While Abby was excited to see her friends, entering her last year of elementary school felt bittersweet.
“It’s sort of sad to be leaving the school I’ve been going to for 10 years but I’m also excited to have new experiences in high school,” she said.
Fellow student Tanner Little is also entering Grade 8 and is excited for his last year before attending high school next year.
“I’m excited to go to high school afterwards, new experiences and new responsibilities,” Tanner said.
But for now, he was excited to see his friends again on Wednesday.
“Since I live far away, I don’t get to see them throughout the summer,” he said, adding he’s excited to see what new things he can learn this year.
Lakehead Public Schools’ director of education Ian MacRae said he’s optimistic for the school year and the board is especially excited for its new technology initiatives.
“I think students will really appreciate the technology infusion we’re experiencing and will over the next couple of years.
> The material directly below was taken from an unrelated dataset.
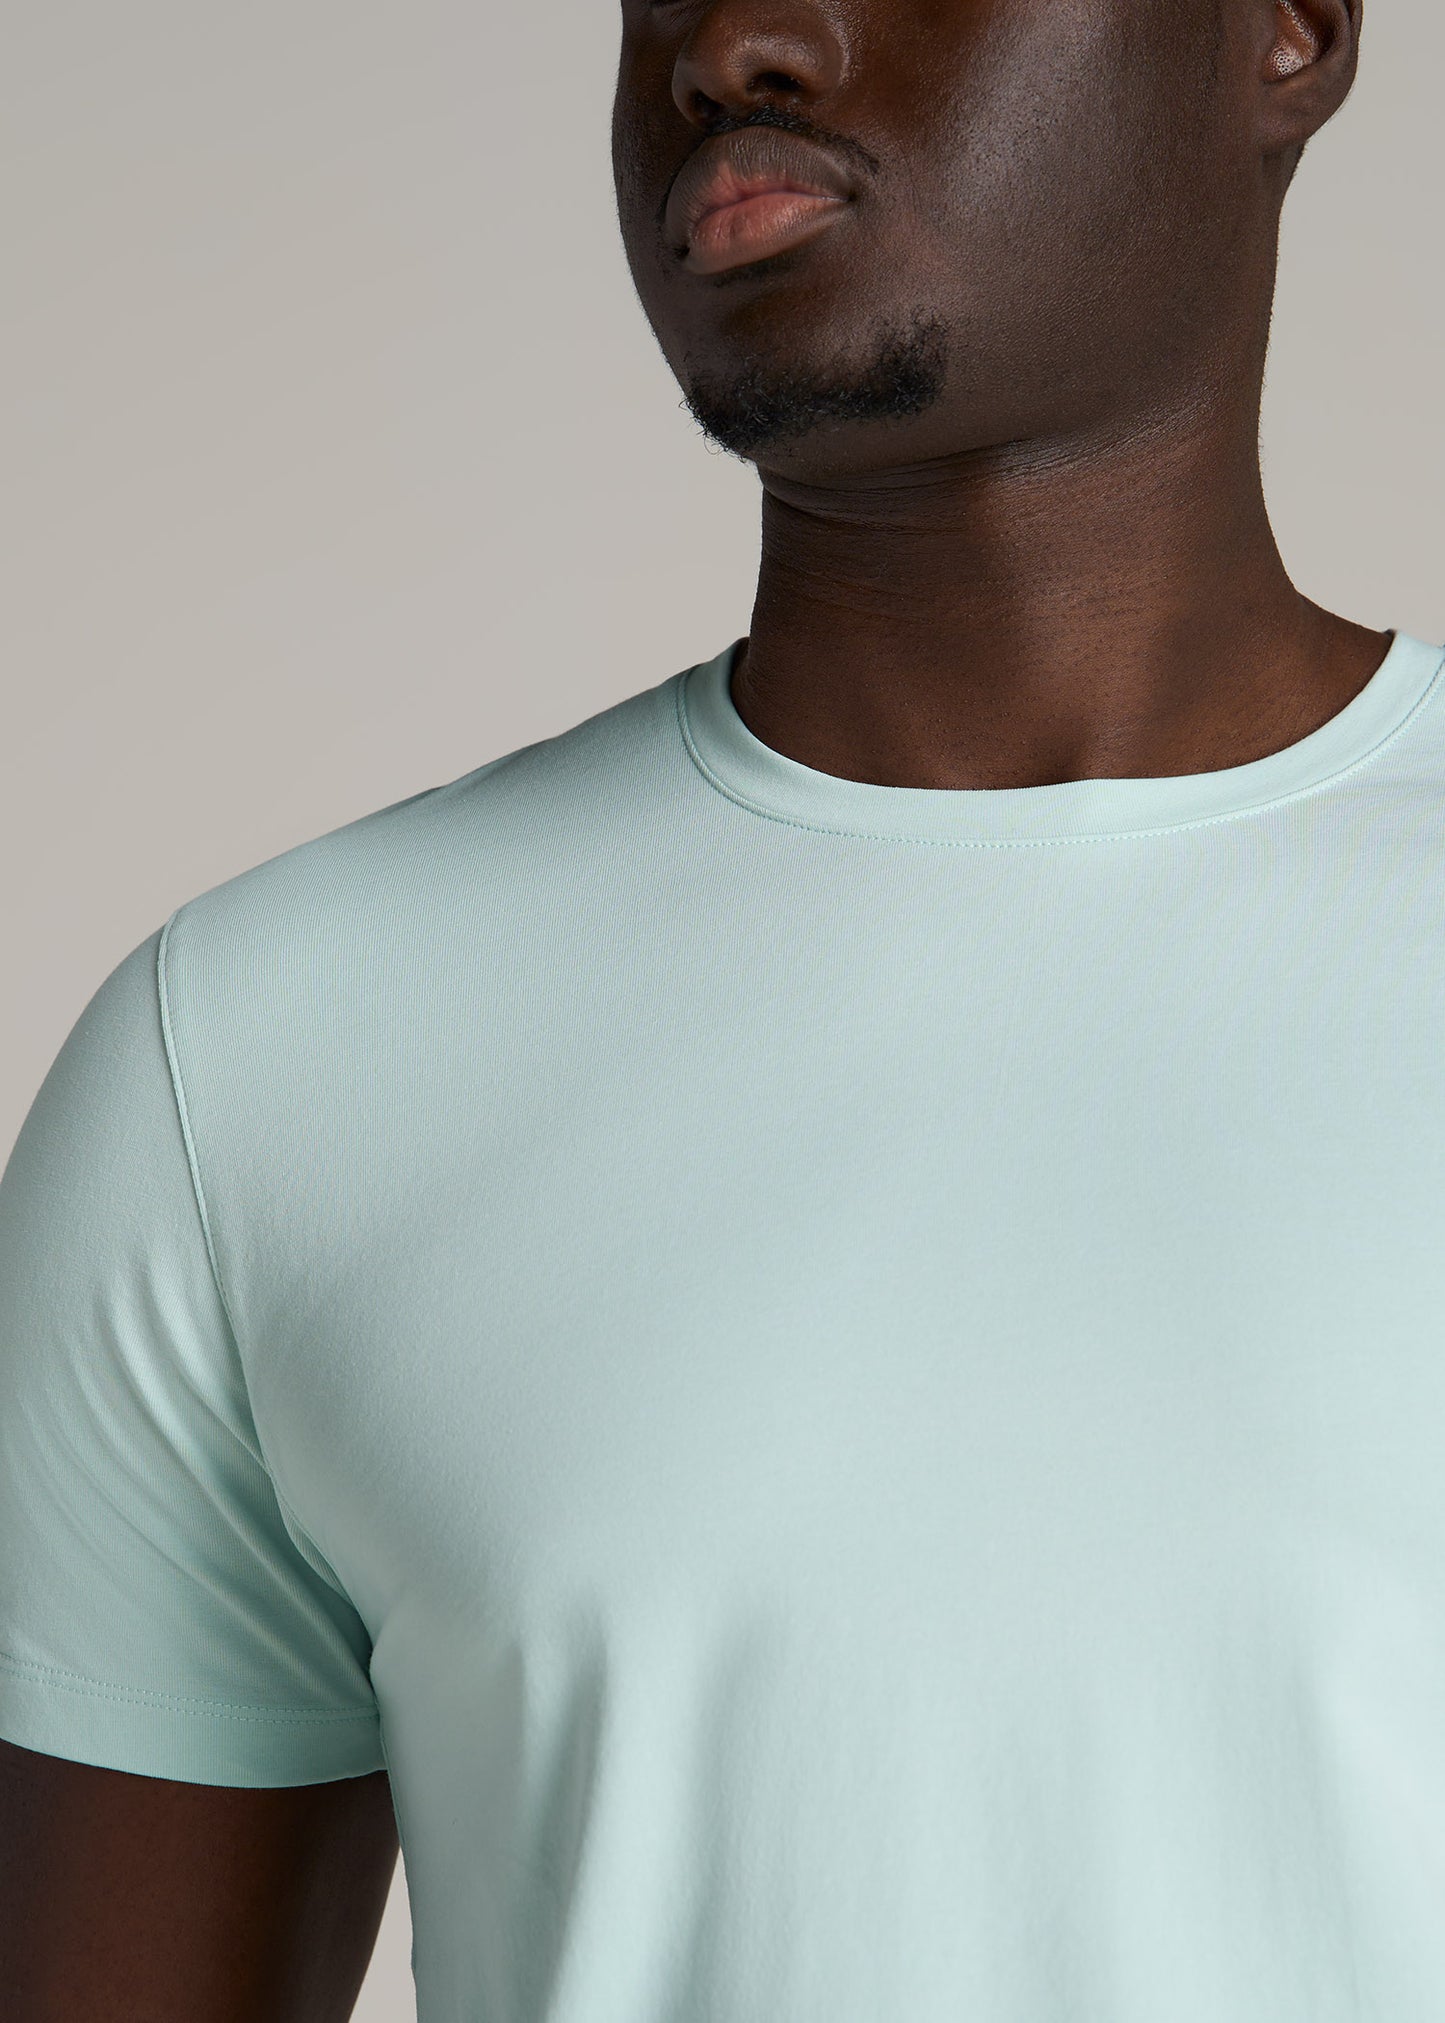 Stretch Cotton MODERN-FIT T-Shirt for Tall Men in Mint

We’re right on the cutting edge of that,” he said.
The public board has also had renovations completed over the summer to make room for full-time kindergarten classes.
There have also been infrastructure improvements to some of the board’s schools including boilers, heating systems and ductwork.
Enrollment numbers are slightly down this year compared to last, but MacRae said they have seen a jump in registration over the last week.
The Thunder Bay Catholic District School Board has also seen a slight increase in registration over the last week and director of education Pino Tassone said they’ll have concrete numbers next week, but he’s optimistic the numbers will be up.
Tassone said the reason for the increase could be due to a number of factors including the board’s education quality and accountability office standardized test results.
“We also have that infusion of technology, especially in our high schools and just broaden that commitment into our elementary schools,” he said.
While there is a large focus on technology in the city’s Catholic schools, Tassone said their top priority is student well-being.
“We believe that in order for students to be successful academically, they have to feel good about themselves; they have to feel good about coming to school, so we ensure relationships are built there, we care for them, we make them feel welcome, make sure they’re well-nourished when they come to school to be first and foremost a second home for them,” Tassone said.